Nearest-Neighbour-Induced Isolation Similarity and its Impact on Density-Based Clustering
Xiaoyu Qin, Kai Ming Ting, Ye Zhu, Vincent CS Lee
TL;DR
This work addresses clustering under varied densities by adopting a data-dependent similarity, the Isolation Kernel, and replaces tree-based partitions with nearest-neighbour induced Voronoi partitions. It provides a formal proof of the characteristic of Isolation Similarity, and introduces mass-connected clusters with MBSCAN, which replaces the fixed-radius density notion with a data-driven dissimilarity. Empirically, MBSCAN with aNearest-Neighbour-Induced Isolation Similarity (aNNE) outperforms DP and commonly used DBSCAN variants on most datasets, especially in high dimensions, while offering favorable computation via $O(\psi)$ operations for the similarity and GPU acceleration.
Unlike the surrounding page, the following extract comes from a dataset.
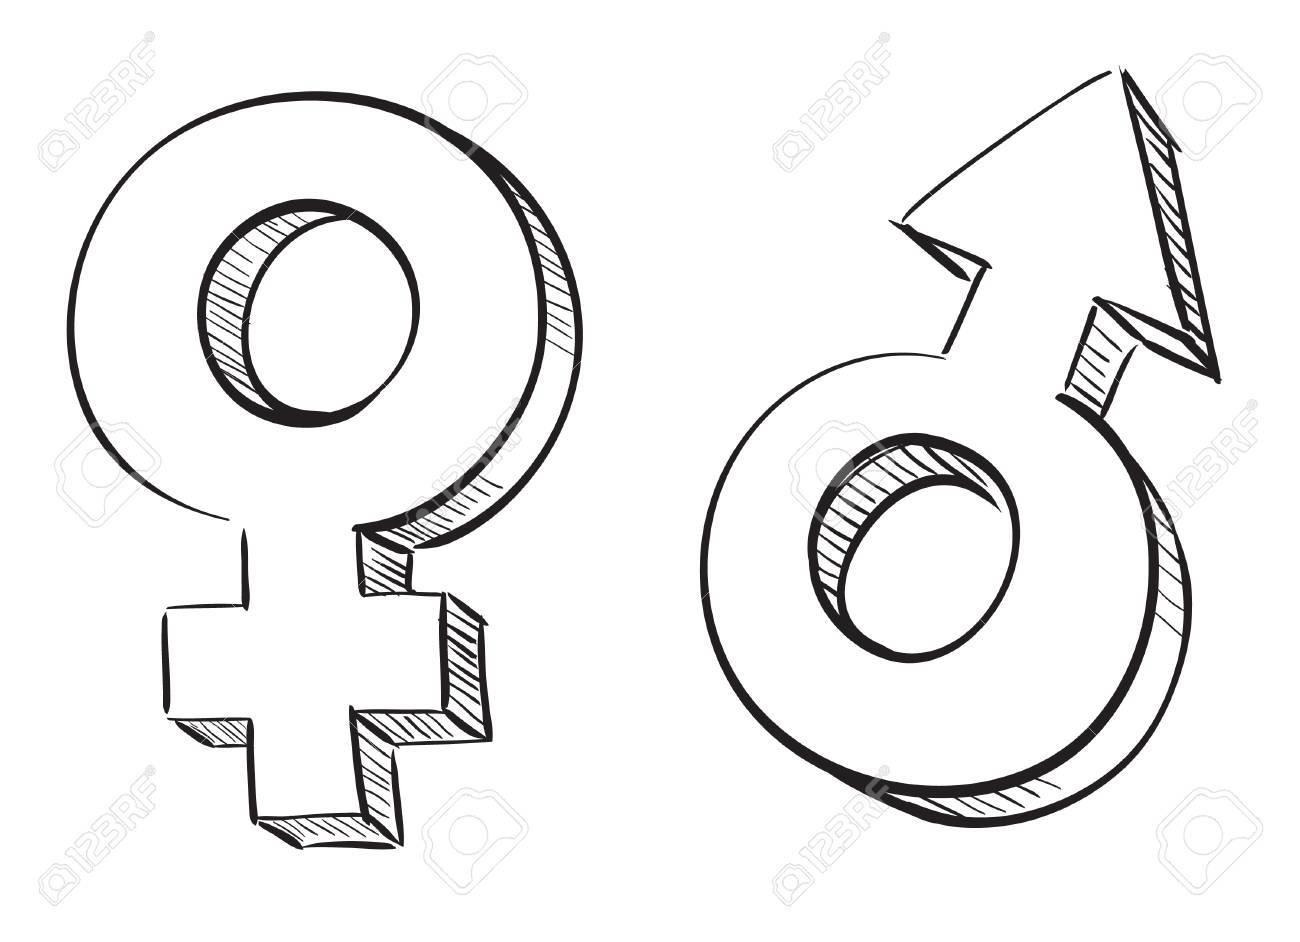 Male and female symbols Stock Vector - 7857685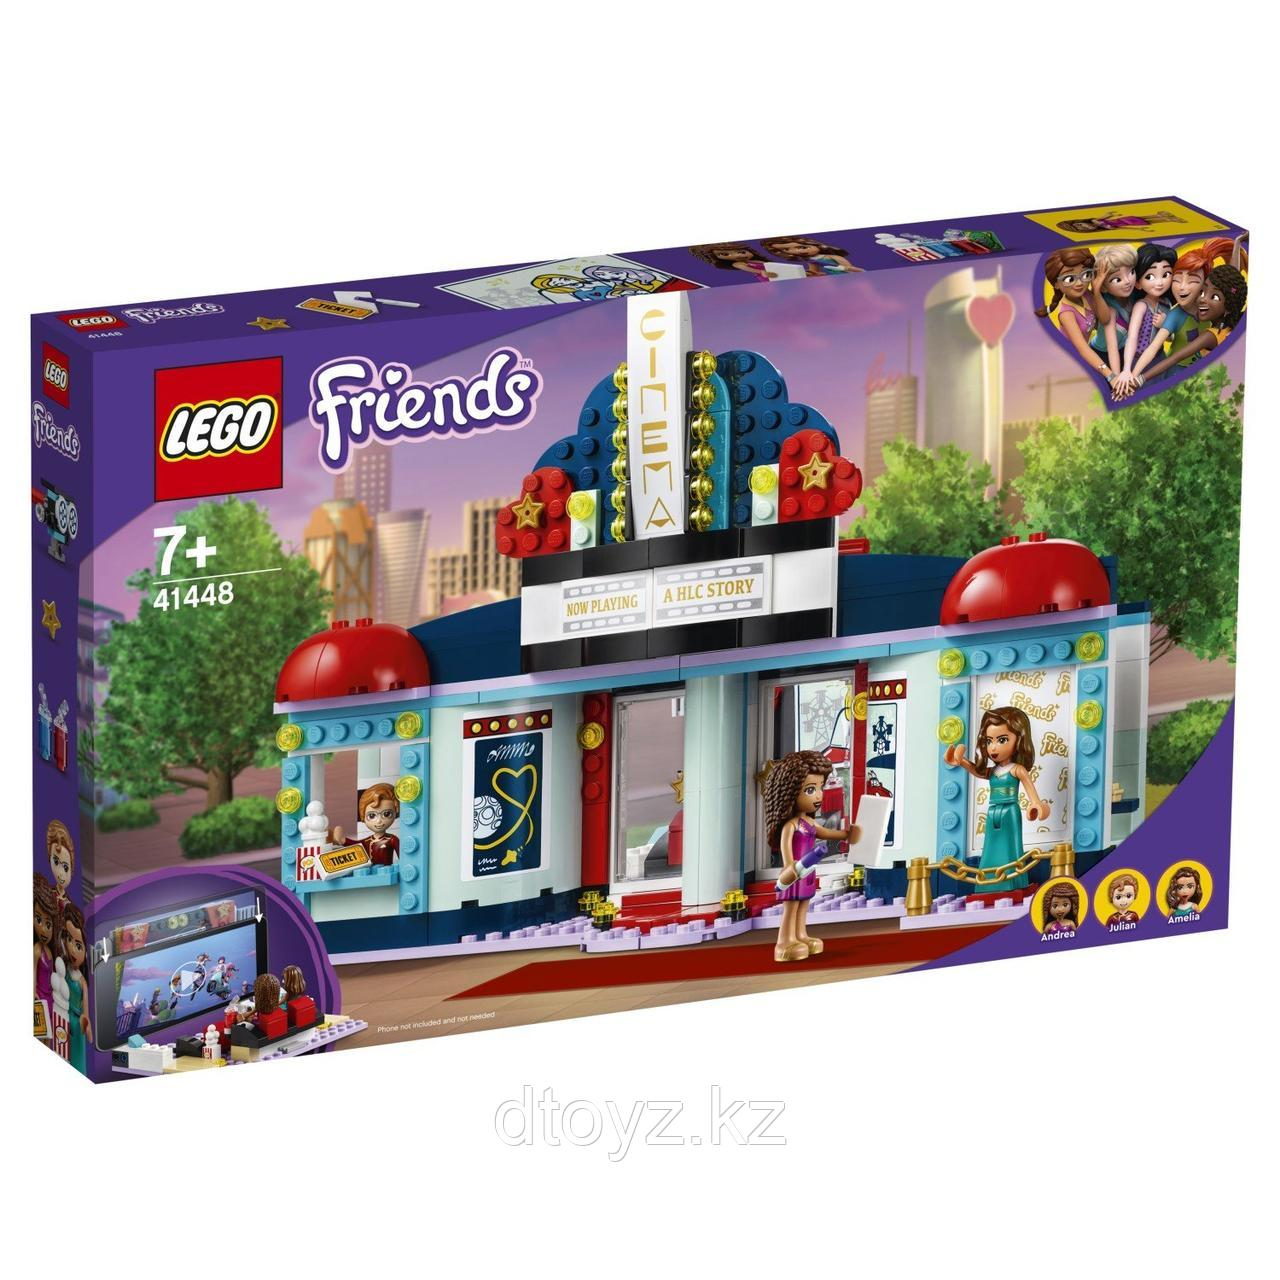 Lego Friends Кинотеатр Хартлейк-Сити 41448

Overall, the paper demonstrates both theoretical and practical benefits of a mass-based, density-adaptive approach to clustering, expanding the utility of Isolation Kernel beyond classification into improved density-based clustering performance.
Abstract
A recent proposal of data dependent similarity called Isolation Kernel/Similarity has enabled SVM to produce better classification accuracy. We identify shortcomings of using a tree method to implement Isolation Similarity; and propose a nearest neighbour method instead. We formally prove the characteristic of Isolation Similarity with the use of the proposed method. The impact of Isolation Similarity on density-based clustering is studied here. We show for the first time that the clustering performance of the classic density-based clustering algorithm DBSCAN can be significantly uplifted to surpass that of the recent density-peak clustering algorithm DP. This is achieved by simply replacing the distance measure with the proposed nearest-neighbour-induced Isolation Similarity in DBSCAN, leaving the rest of the procedure unchanged. A new type of clusters called mass-connected clusters is formally defined. We show that DBSCAN, which detects density-connected clusters, becomes one which detects mass-connected clusters, when the distance measure is replaced with the proposed similarity. We also provide the condition under which mass-connected clusters can be detected, while density-connected clusters cannot.